Its latency is not important, since it feeds only a conditional jump,
which terminates the dependency chain.
I never observed PTEST variants to be faster on real hardware.
Signed-off-by: Alexander Monakov <[email protected]>
Signed-off-by: Mikhail Romanov <[email protected]>
Reviewed-by: Richard Henderson <[email protected]>
Message-Id: <[email protected]>
Commit: d018425c324704949c7f65230def9586e71f07f5
https://github.com/qemu/qemu/commit/d018425c324704949c7f65230def9586e71f07f5
Author: Alexander Monakov <[email protected]>
Date: 2024-05-03 (Fri, 03 May 2024)
Changed paths:
M util/bufferiszero.c
Log Message:
-----------
util/bufferiszero: Remove AVX512 variant
Thanks to early checks in the inline buffer_is_zero wrapper, the SIMD
routines are invoked much more rarely in normal use when most buffers
are non-zero. This makes use of AVX512 unprofitable, as it incurs extra
frequency and voltage transition periods during which the CPU operates
at reduced performance, as described in
https://travisdowns.github.io/blog/2020/01/17/avxfreq1.html
Signed-off-by: Mikhail Romanov <[email protected]>
Signed-off-by: Alexander Monakov <[email protected]>
Reviewed-by: Richard Henderson <[email protected]>
Message-Id: <[email protected]>
Signed-off-by: Richard Henderson <[email protected]>
Commit: cbe3d5264631aa193fd2705820cbde6c5a602abb
https://github.com/qemu/qemu/commit/cbe3d5264631aa193fd2705820cbde6c5a602abb
Author: Alexander Monakov <[email protected]>
Date: 2024-05-03 (Fri, 03 May 2024)
Changed paths:
M include/qemu/cutils.h
M util/bufferiszero.c
Log Message:
-----------
util/bufferiszero: Reorganize for early test for acceleration
Test for length >= 256 inline, where is is often a constant.

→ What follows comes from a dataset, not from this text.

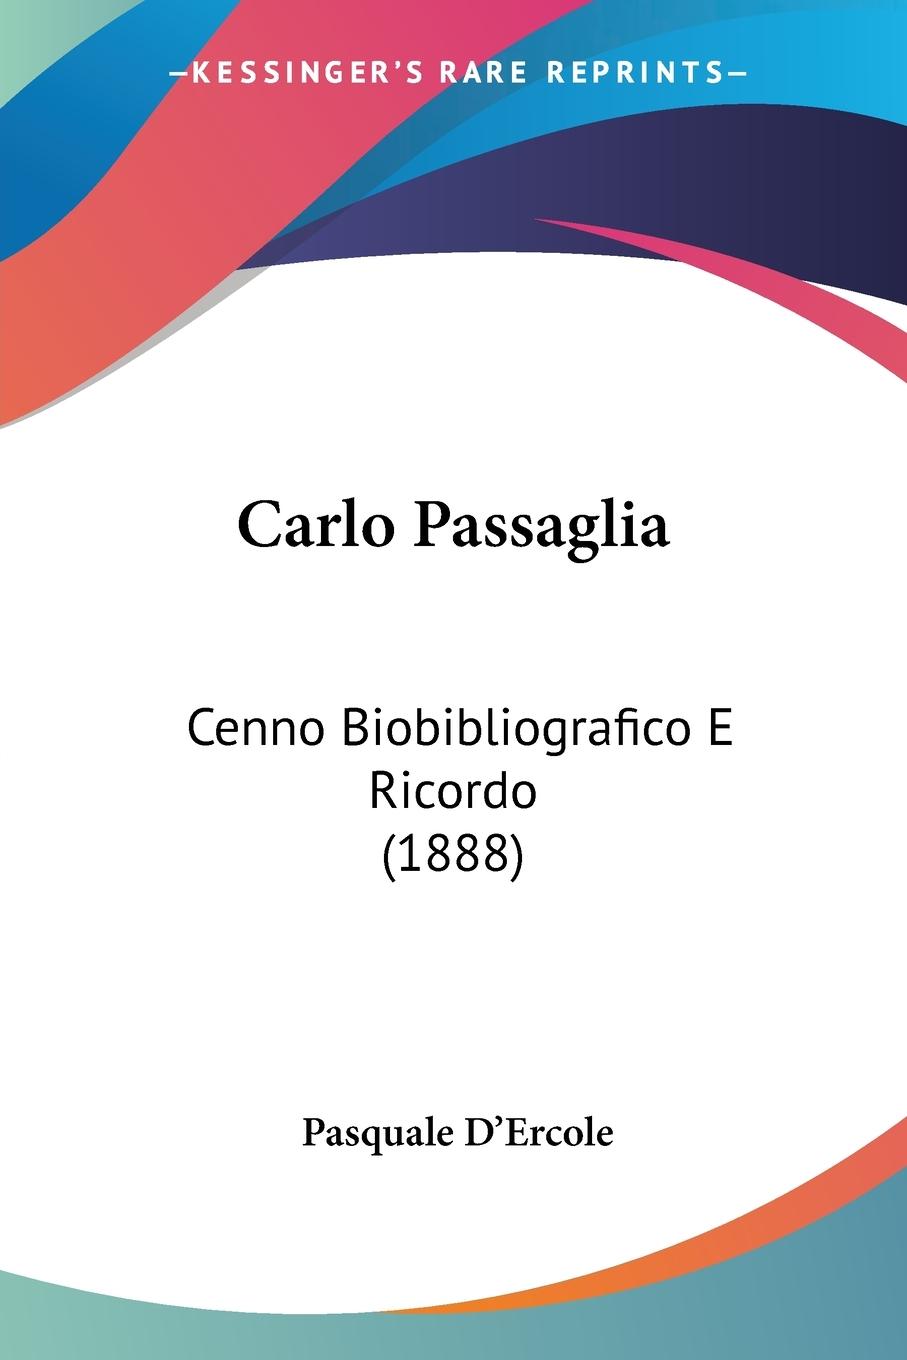 Carlo Passaglia - D Ercole, Pasquale

Before calling into the accelerated routine, sample three bytes
from the buffer, which handles most non-zero buffers.
Signed-off-by: Alexander Monakov <[email protected]>
Signed-off-by: Mikhail Romanov <[email protected]>
Message-Id: <[email protected]>
[rth: Use __builtin_constant_p; move the indirect call out of line.]
Signed-off-by: Richard Henderson <[email protected]>
Commit: 93a6085618f16fb2cd316d1e84f1a638b7e2d8ff
https://github.com/qemu/qemu/commit/93a6085618f16fb2cd316d1e84f1a638b7e2d8ff
Author: Alexander Monakov <[email protected]>
Date: 2024-05-03 (Fri, 03 May 2024)
Changed paths:
M util/bufferiszero.c
Log Message:
-----------
util/bufferiszero: Remove useless prefetches
Use of prefetching in bufferiszero.c is quite questionable:
- prefetches are issued just a few CPU cycles before the corresponding
line would be hit by demand loads;
- they are done for simple access patterns, i.e. where hardware
prefetchers can perform better;
- they compete for load ports in loops that should be limited by load
port throughput rather than ALU throughput.
Signed-off-by: Alexander Monakov <[email protected]>
Signed-off-by: Mikhail Romanov <[email protected]>
Reviewed-by: Richard Henderson <[email protected]>
Message-Id: <[email protected]>
Commit: f28e0bbefa41fe643cce2f107e868abff312ced9
https://github.com/qemu/qemu/commit/f28e0bbefa41fe643cce2f107e868abff312ced9
Author: Alexander Monakov <[email protected]>
Date: 2024-05-03 (Fri, 03 May 2024)
Changed paths:
M util/bufferiszero.c
Log Message:
-----------
util/bufferiszero: Optimize SSE2 and AVX2 variants
Increase unroll factor in SIMD loops from 4x to 8x in order to move
their bottlenecks from ALU port contention to load issue rate (two loads
per cycle on popular x86 implementations).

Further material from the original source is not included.